В следующем году, в сентябре, неожиданно арестовали его отца. В школе об этом знали все. Дуська тогда почти не подходил к Яринке, но встречались они каждый день. Еще более исхудавший, даже высохший, ходил он с низко опущенной головой и с каким-то затравленным выражением белых глаз. В комсомол его не приняли. Ко времени ареста дело находилось уже в райкоме, и Федя Кравчук, тот самый Федя Кравчук, выступил против, и все, кажется, с ним согласились.

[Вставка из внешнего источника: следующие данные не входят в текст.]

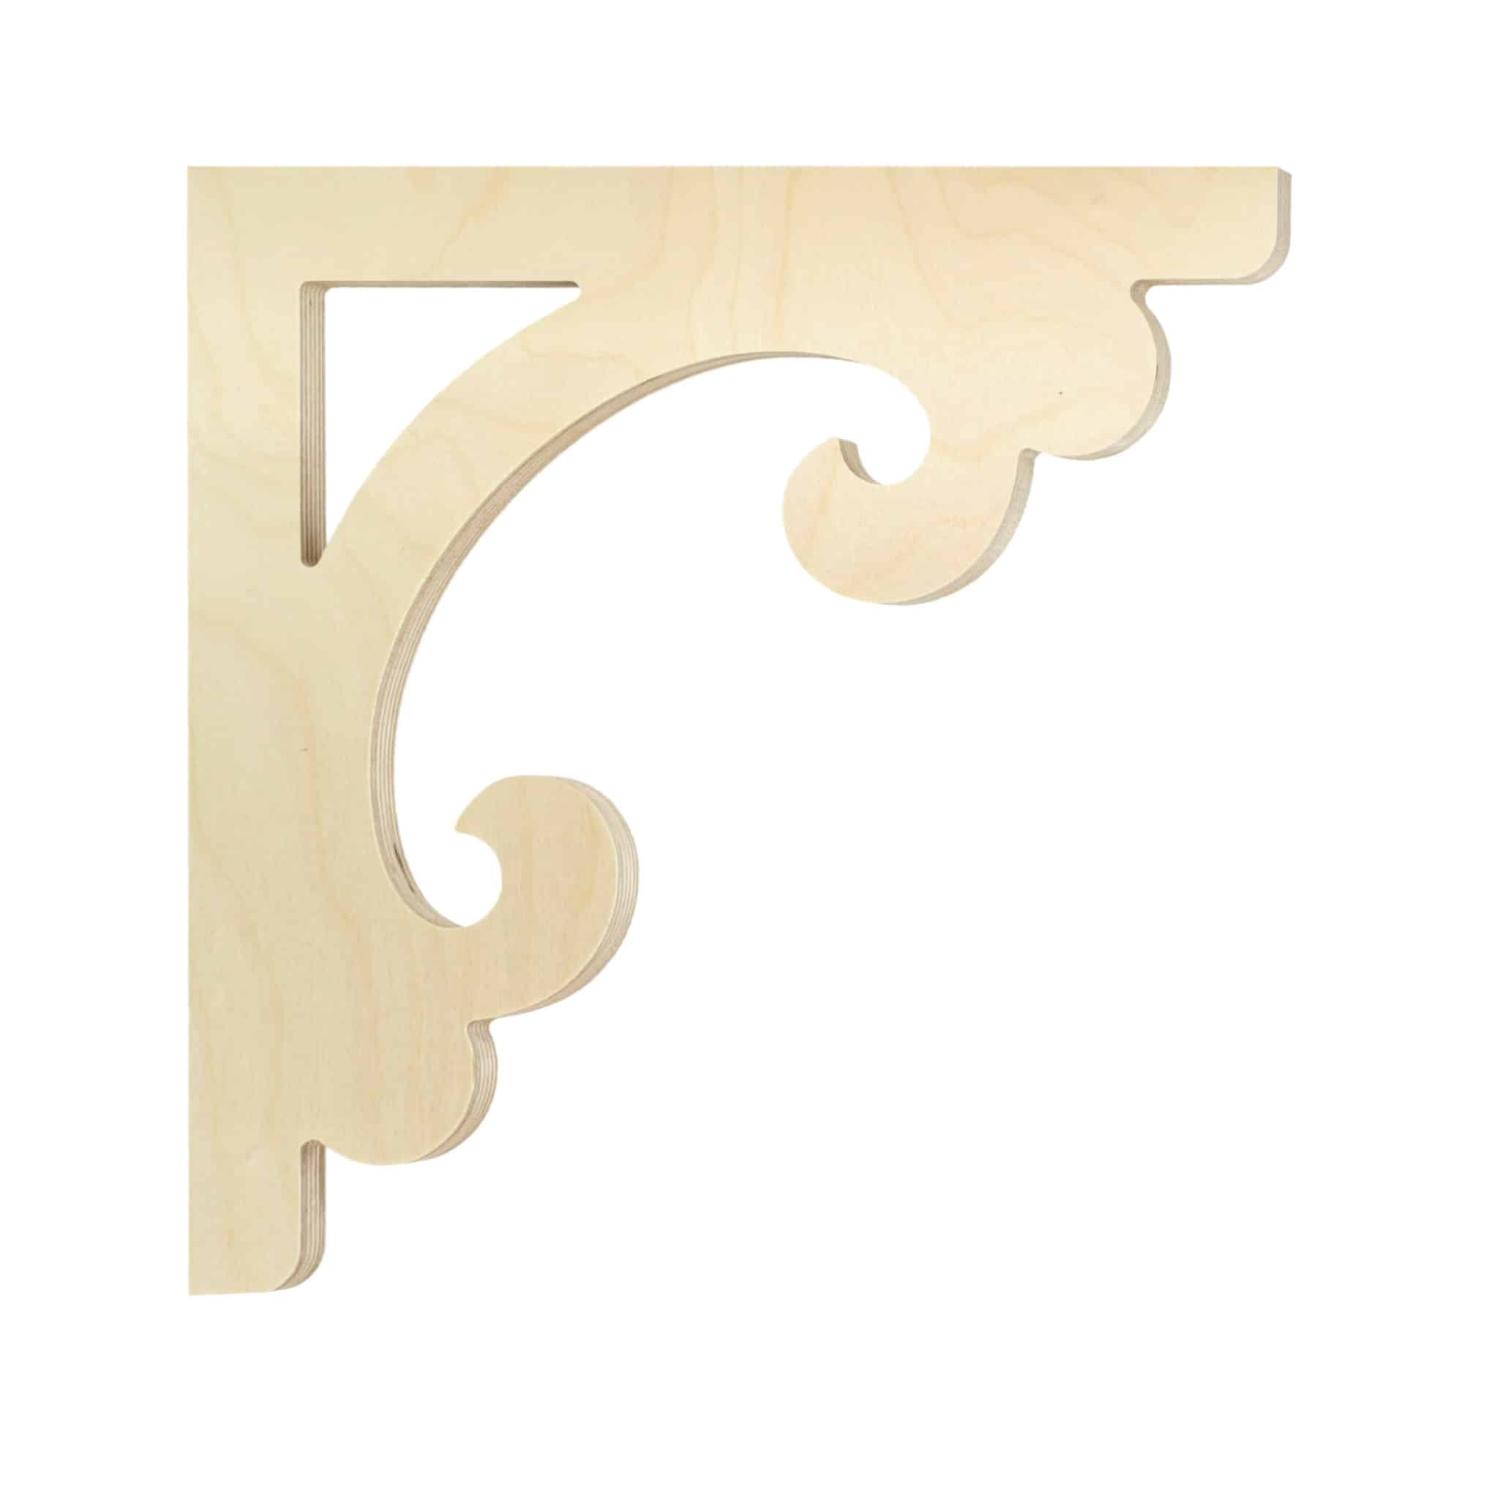 Bracket 029 - Classic wooden gingerbread corbel & bracket in Victorian style and with ornaments for porch, portico and veranda.

Они где-то вскоре после того встретились в школьной библиотеке-читальне. Когда она зашла в читальню, там почему-то никого не было. Только он один. Поникший, он сидел за партой, как-то по-пгичьи подняв острые плечи и опустив голову на руки. Ей вдруг стало жаль его, стали понятными и состояние его, и переживания. Яринка, поддавшись подсознательному порыву жалости, подошла и положила руку на его острое плечо. Он вздрогнул, сразу насторожившись, сверкнул злыми глазами.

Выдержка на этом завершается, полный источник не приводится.